2026-05-29
Ptosis Revision Surgery: Addressing Side Effects and Failed Eyelid Correction Cases
A clinical review of a ptosis revision case involving conjunctival protrusion and mucosal eversion after a failed initial eyelid correction surgery.

I am writing this post because I find many stories of ptosis revision surgery, eyelid correction side effects, and failed eyelid correction reviews quite unfortunate.
I would like to share a recent patient case.
Before visiting our clinic, the patient had undergone eyelid correction combined with incisional double eyelid surgery elsewhere. Due to a poor outcome on one side, the patient visited us accompanied by their original surgeon.

This is how one eye appeared upon arrival. The conjunctiva was protruding, there was mucosal eversion, and the eyelashes were excessively flipped upward.

This is the state of both eyes. It was clear that the patient’s left eye (viewer’s right) required urgent correction.
In these situations, asymmetry often occurs because different surgeons are performing the procedures. However, since it had only been about a month since the initial surgery, it felt burdensome to operate on the patient’s right eye, which looked relatively acceptable.
Generally, revision surgery is best performed within 2 weeks of the initial operation. For minor adjustments, waiting until after 6 months is usually ideal.
However, a revision within the one-month mark is performed when the benefits of immediate intervention outweigh the risks of waiting.
In this patient’s case, leaving the eye in this state for 6 months would have been difficult for the patient and an awkward situation for the original surgeon.
The corrective surgery typically takes less than an hour.

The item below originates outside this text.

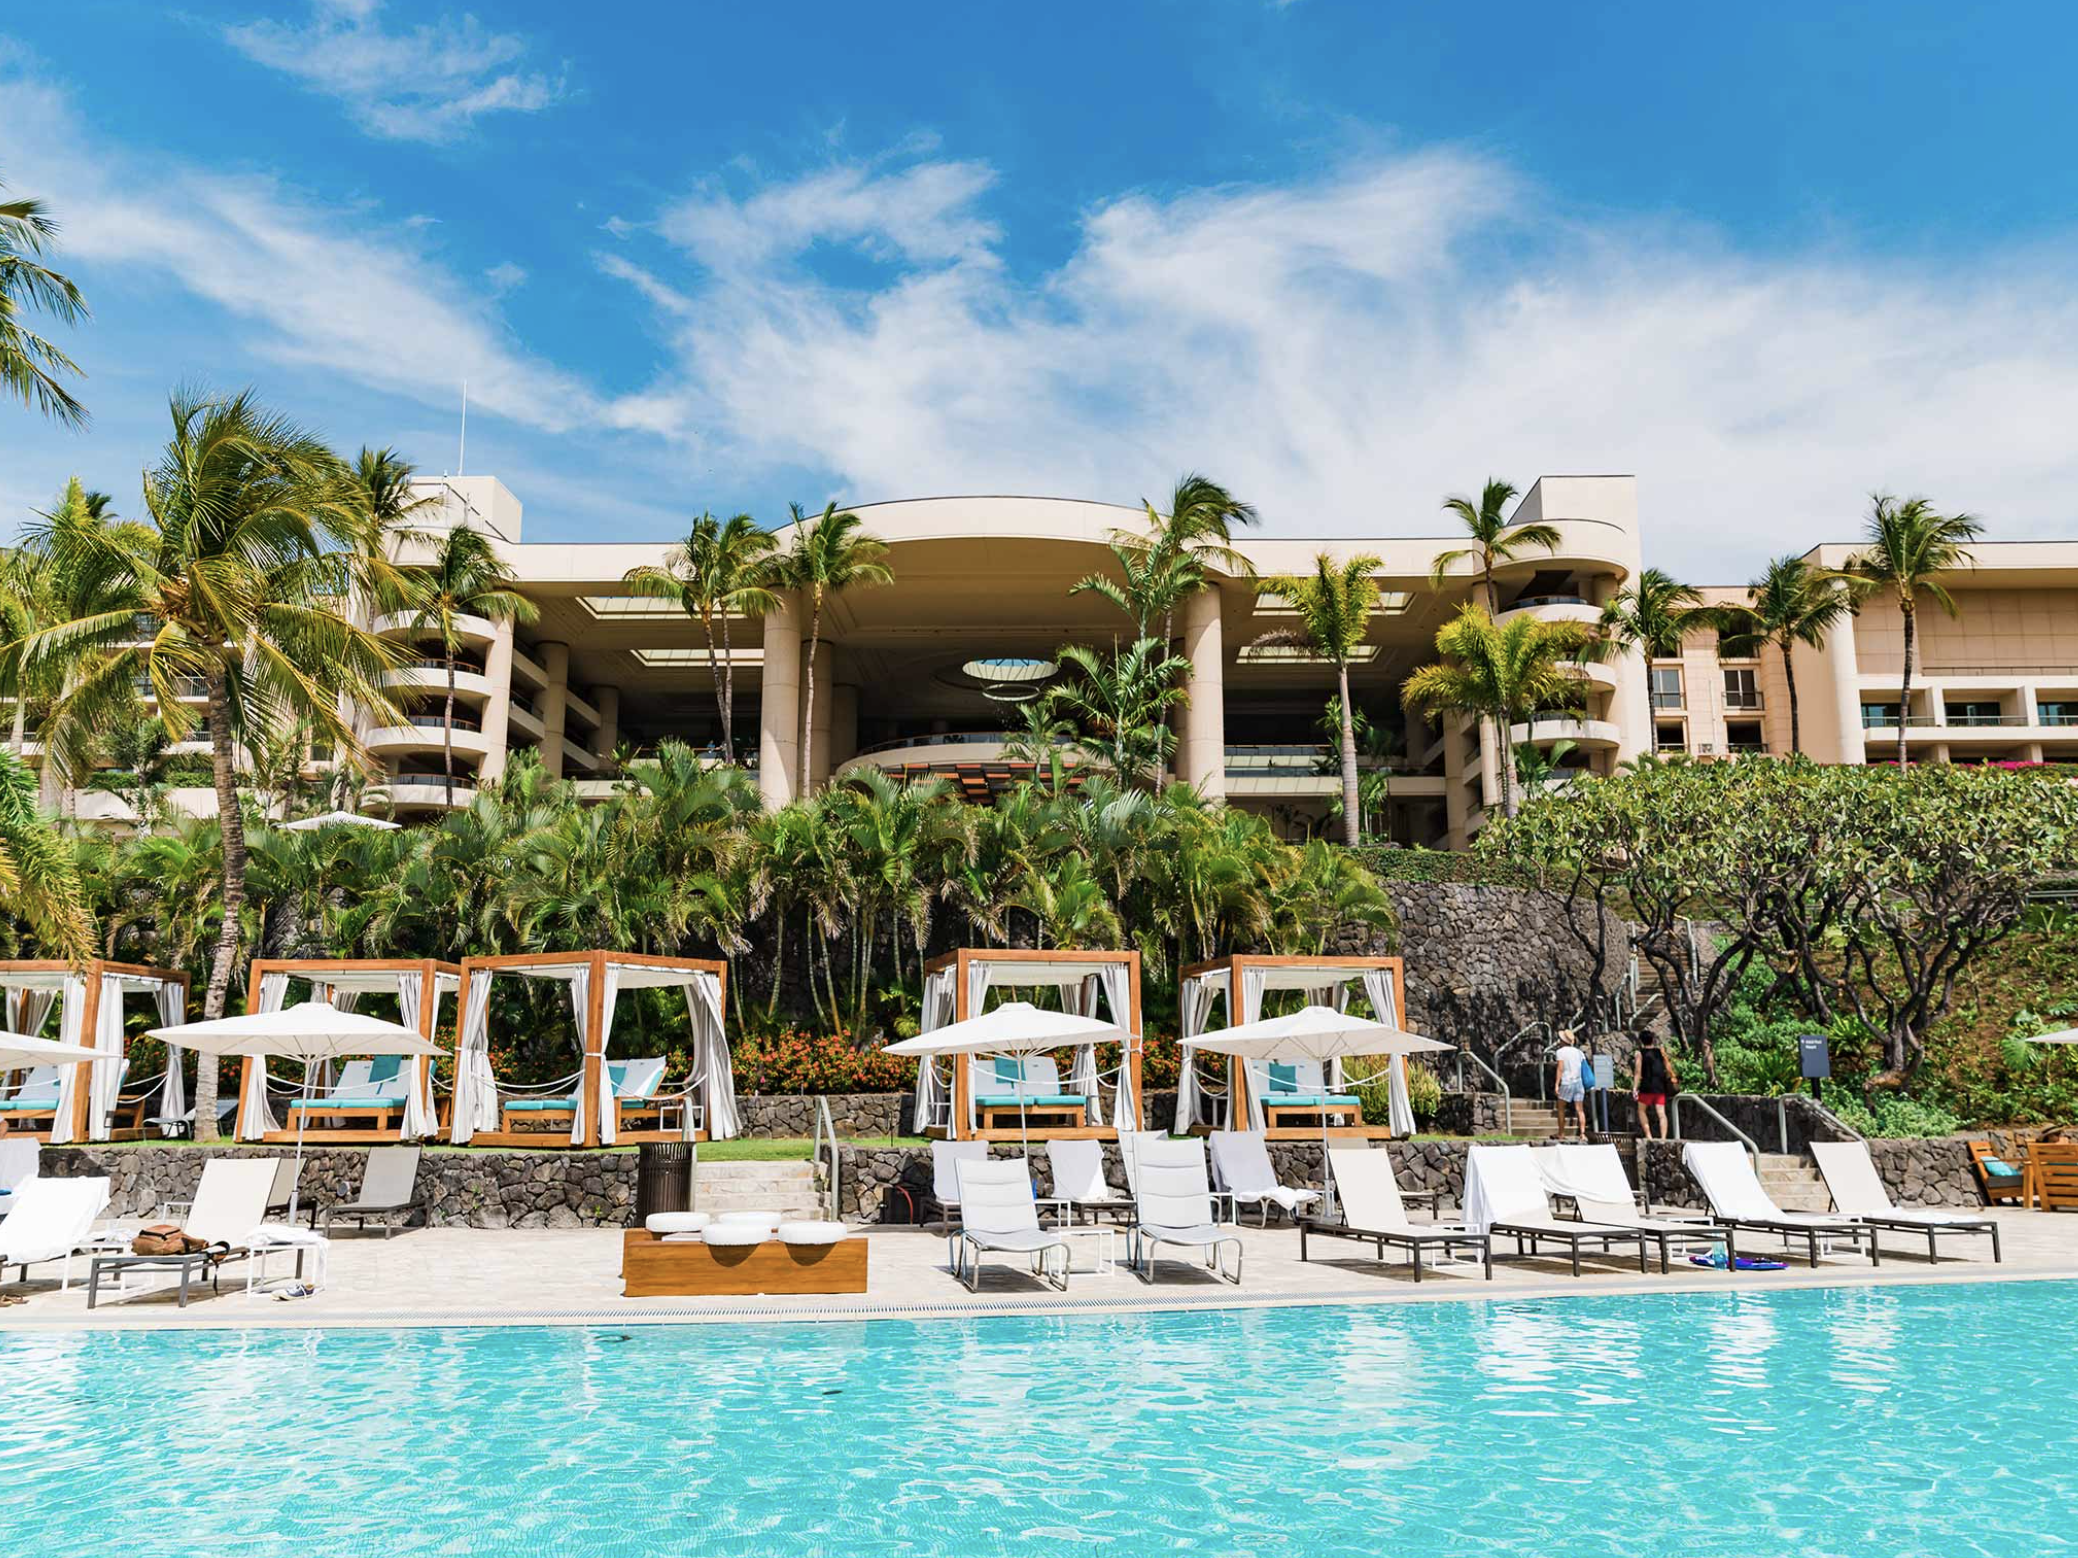 The Westing Hapuna Beach Resort Courtesy Photo

This is the appearance one week after the revision. The conjunctiva has receded, and the eye shape has significantly improved. Of course, we must continue to monitor progress at the one-month and six-month marks.
Comparing the before and after photos, the improvement is evident.
Now, all that remains is to monitor the healing process.
While the original surgeon certainly did their best, I believe the greatest act of courage is personally accompanying the patient to seek a referral from a more experienced specialist.

Because each eye was operated on by a different surgeon, the shapes differ slightly. We will observe the progress for over 6 months; if the slight asymmetry is acceptable, we will leave it as is. If the asymmetry remains significant, further re-correction may be necessary.
However, even looking at the current state, the shape has improved tremendously.